For the cuisine, Edwards selected Jean Joho, executive chef and restaurateur of Everest in Chicago, Eiffel in Las Vegas, and Brasserie Jo in Boston and Chicago; and Michel Richard, executive chef of Citronelle in Washington, D.C. They were joined by Jacquy Pfeiffer, master pastry chef and co-owner of the French Pastry School at the City Colleges of Chicago.

“Once that team was in place and we began to market the event, we didn’t have much trouble selling out the dinner,” says Jim Berline, chairman of Berline, a full-service advertising, marketing, communication, and digital agency in Bloomfield Hills who served as event chair with his wife, Debra. “Just one of those chefs standing alone would’ve been fantastic.”

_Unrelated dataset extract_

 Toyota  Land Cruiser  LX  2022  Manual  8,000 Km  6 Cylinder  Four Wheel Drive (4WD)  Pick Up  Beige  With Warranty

Over the course of several months, Edwards guided the menu selections. In one instance, he asked the Celanis if they could donate a case of 2008 Celani Family Vineyards Vincenza Cabernet Sauvignon Rose and send it to Chicago so that it could be reduced by Joho for the evening’s first course — Torchon of New York State Foie Gras wrapped in Vincenza Rose and Braised Oxtail Rose, with Apple Carrot Aigre Doux.

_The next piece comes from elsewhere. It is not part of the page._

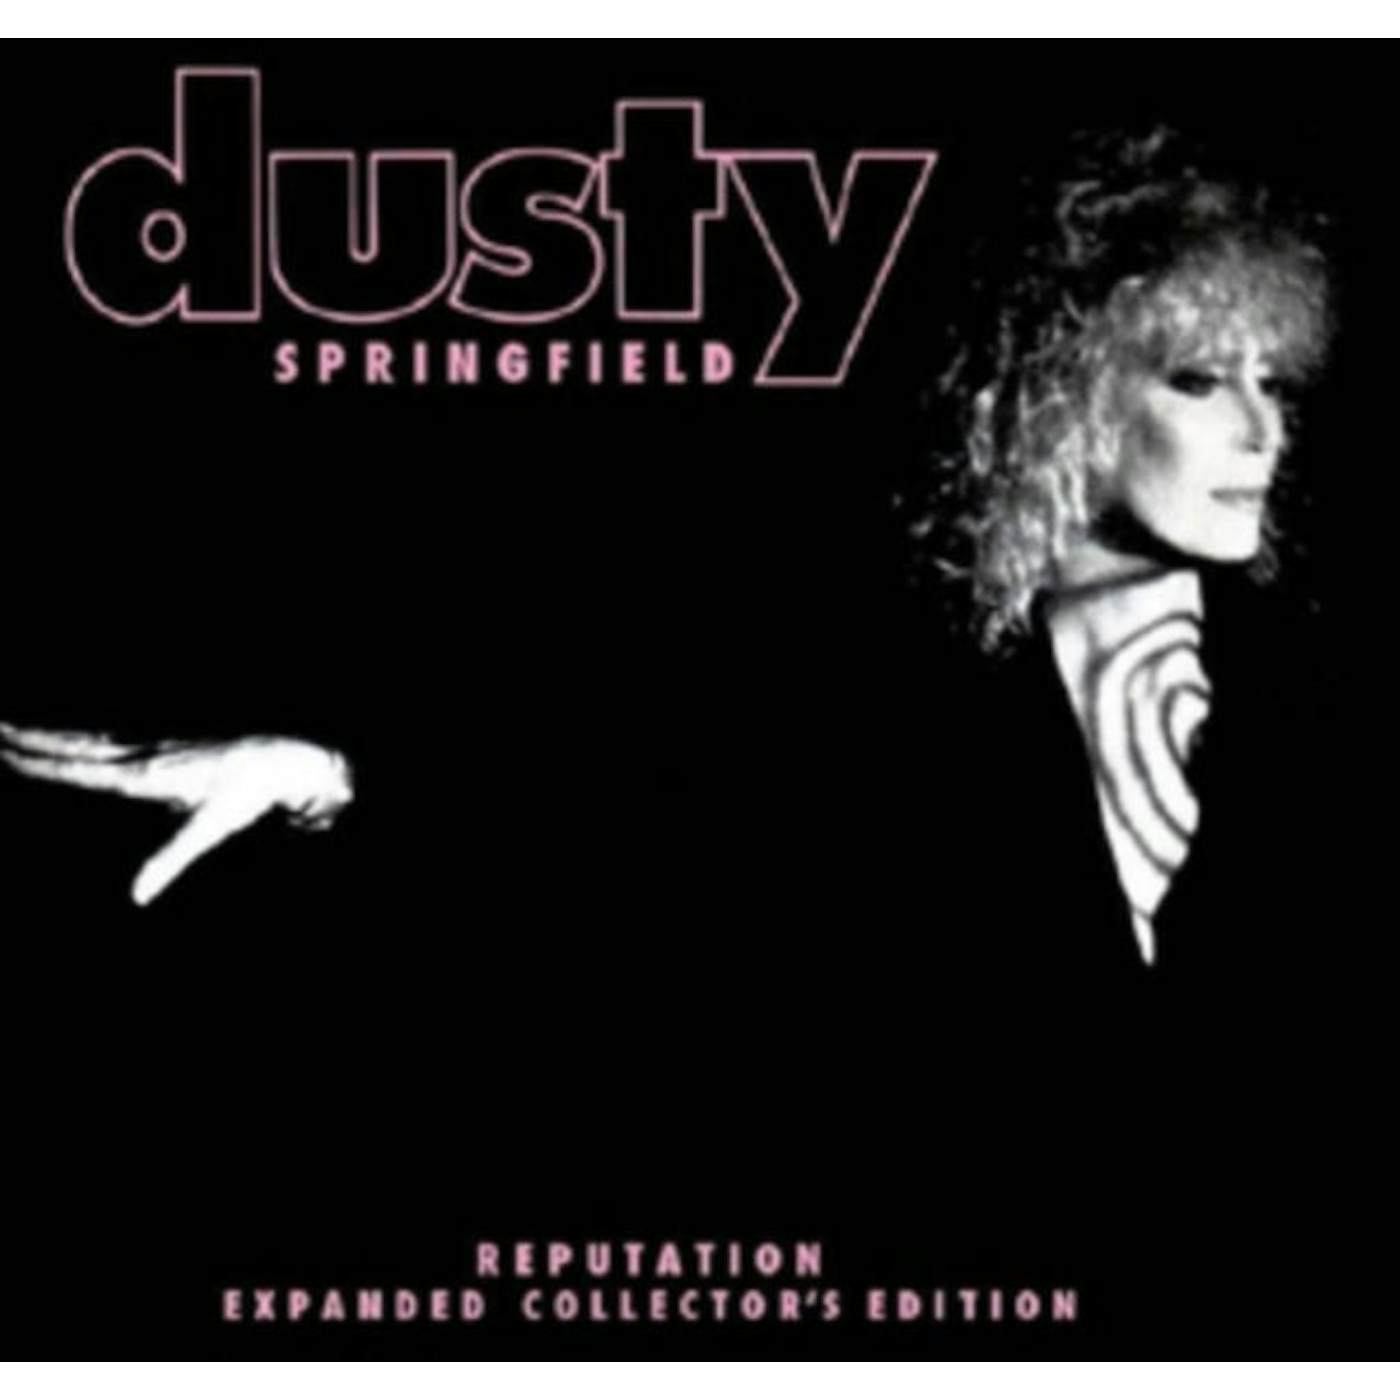 Dusty Springfield CD - Reputation: Expanded Deluxe Collector's Edition

“Wherever we could, we asked the chefs and the master sommeliers to donate their travel and lodging,” Edwards says. “Again, we wanted to maximize the fundraising as best as possible. The overall goal was getting the right wines matched with the right food so that magic occurs.”

For an executive or business owner entertaining the idea of hosting a patron dinner, Edwards’ advice is to recognize any limitations and hire an expert in wine and food, as needed. He also recommends consulting Perfect Pairings: A Master Sommelier’s Practical Advice for Partnering Wine with Food.

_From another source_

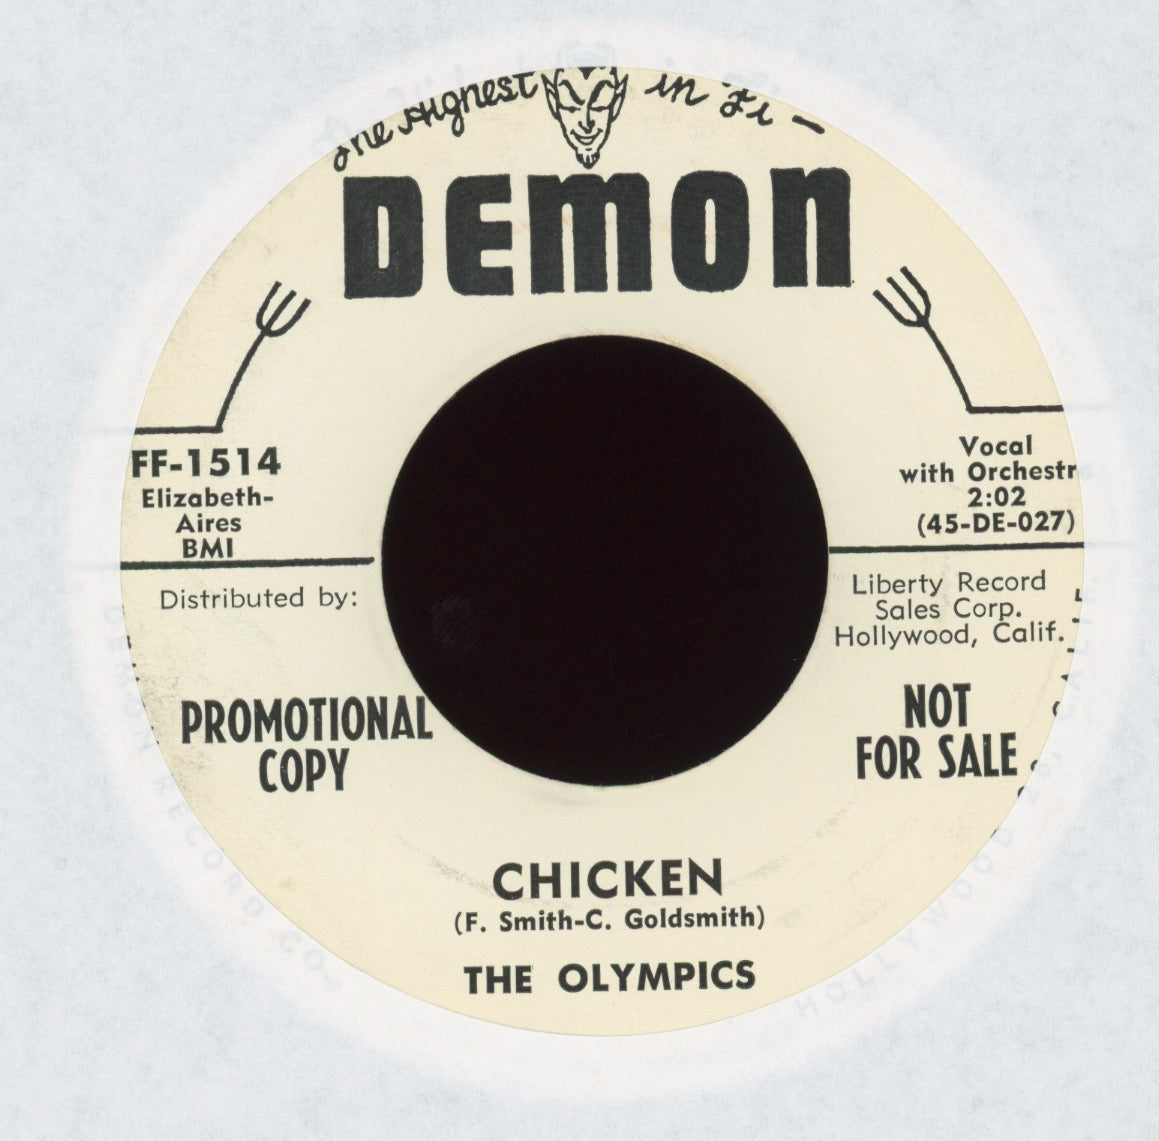 The Olympics - Your Love on Demon Promo

Logistics shouldn’t be overlooked, either. “You really need to put together a great team that includes an event planner, several chefs that you can call on at a moment’s notice, servers, and a valet,” says Vicki Celani. “Every party has a certain ambience, and that plays into the selection of the linens, the flowers, and the table settings.”

Overall, the Celani patron dinner; the CRUSH event, which was attended by 325 people who paid between $250 and $350 a ticket; a patron dinner at Kathryn Kircher’s home in northern Michigan; and a private dinner at the 2009 Somerset Collection Show House in Birmingham raised more than $200,000 for the Children’s Leukemia Foundation of Michigan, Seklar says.

“We’ve already started planning for the 2010 patron dinner and, believe me, we’ll have a hard time topping this last one,” Seklar says. “But that’s the kind of challenge we relish. The biggest thing for us is that we were able to raise the awareness of the foundation without losing sight of our fundraising goals.”